Smoke Detectors Called Hazardous Waste

 

A truckload of 20,000 smoke detectors has been sitting in the lot of American Shippers since 1983. The cost of waste disposal is $40,000, so there they sit.

Steve Jones of Utah called the Colorado Division of Radiation Control and explained to him that school teachers have to pay $35 for poor quality alpha sources from science supply houses. The knowledgeable ones go to K-Mart and buy a smoke detector for $7. The contents of that truck amount to half a million dollars worth of desperately needed teaching aids. Each detector contains a one microcurie americium source on a small rivet. A shoebox would hold all of the sources in the truck.

Although teaching nuclear physics was just mandated in Utah, the sale of radioactive lantern mantles, used for more than 40 years in cloud chambers, was banned in 1995 by the U.S. government. What good is it to require teaching a subject if all the tools are outlawed and dumped in landfills, Mr. Jones wonders.
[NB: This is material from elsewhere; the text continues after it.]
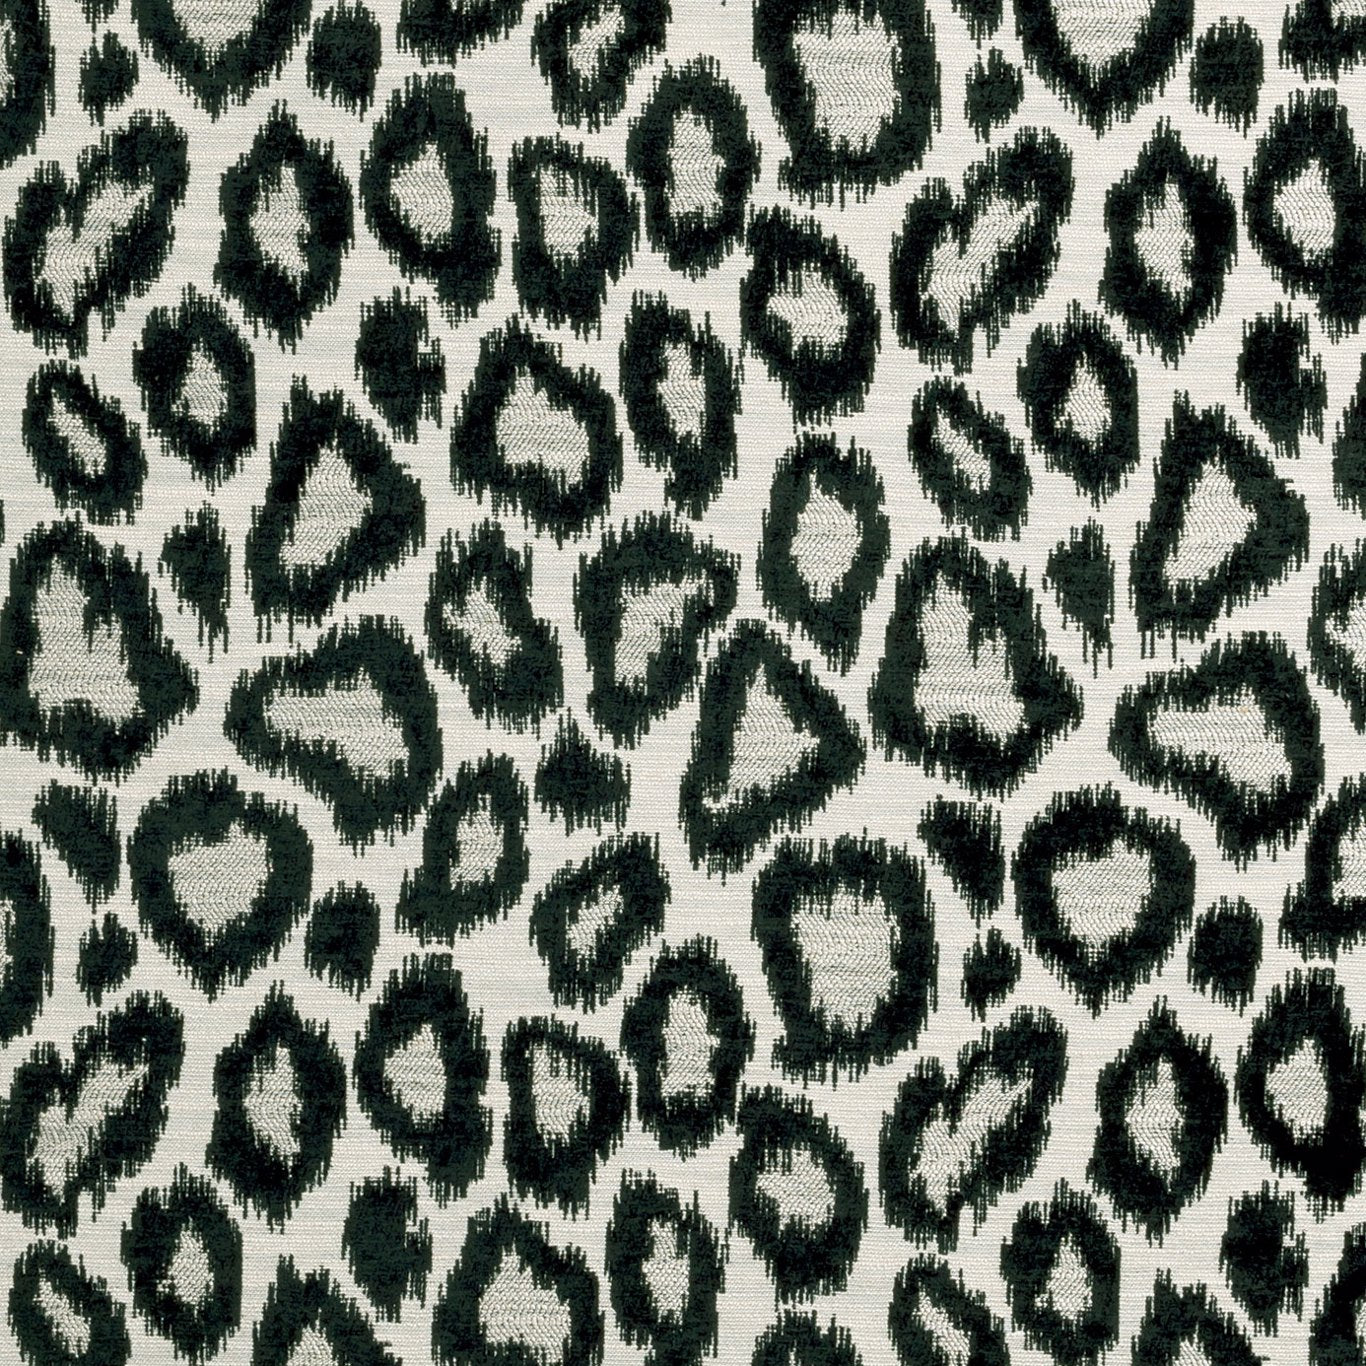 Bw1039 Fabric by Clarke & Clarke - F0912/01 - Black/White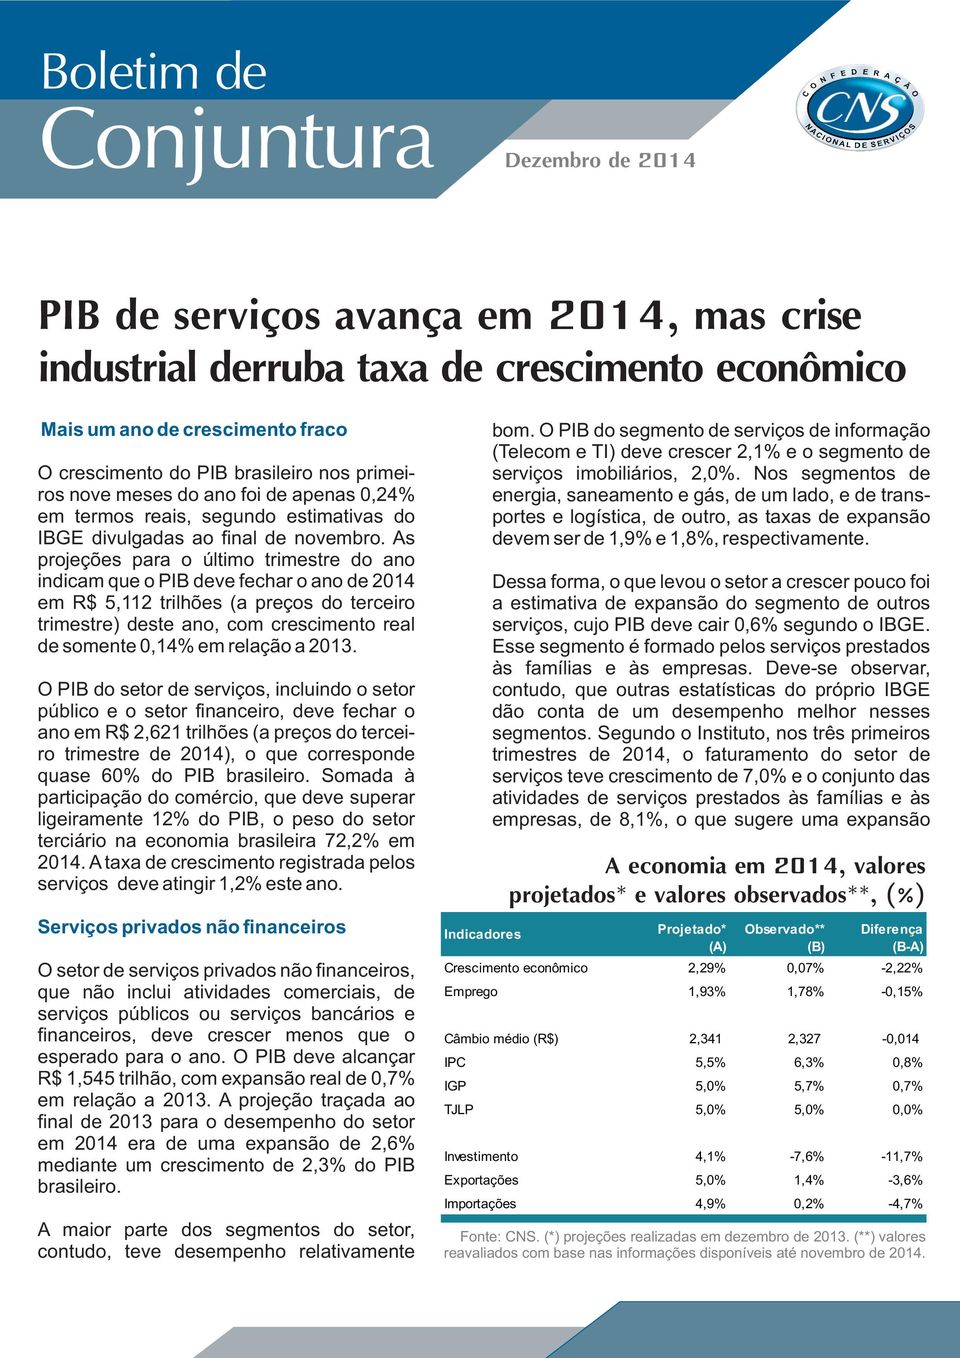 As projeções para o último trimestre do ano indicam que o PIB deve fechar o ano de 2014 em R$ 5,112 trilhões (a preços do terceiro trimestre) deste ano, com crescimento real de somente 0,14% em

He is hoping that by some miracle, government officials will allow him to use the smoke detectors.

 

Biological Weapons Cover-Up

 

In its recent annual report on compliance with arms control agreement, the Arms Control and Disarmament Agency (ACDA) stated that some former Soviet biological weapons facilities ``may be maintaining the capability to produce biological warfare agents.'' There was also a secret report that flatly accused the Soviet Union of violating the 1972 treaty and continuing this research. In a p. 18 story, reporter R. Jeffrey Smith quoted ACDA Director John Holum as denying that the Administration had attempted to suppress its conclusions about treaty [non]compliance. Later, Smith stated that the public ACDA report had also ``omitted or altered'' references to arms treaty violations by China. Holum denied that the agency's public language had anything to do with legislation that would restrict aid to Russia until it ends work on biological weapons.

Additionally, there is evidence that US aid to Russia for the purpose of destroying nuclear weapons is actually being diverted to weapons production (AIM Report, Sept B 1995).

A report from the US Defense Intelligence Agency stated that ``dual-use facilities for wartime agent production of large quantities of BW agents are found at multiple sites belonging to [the biotechnology consortium] Biopreparat'' (Chemical Weapons Convention Bulletin, Sept 1995).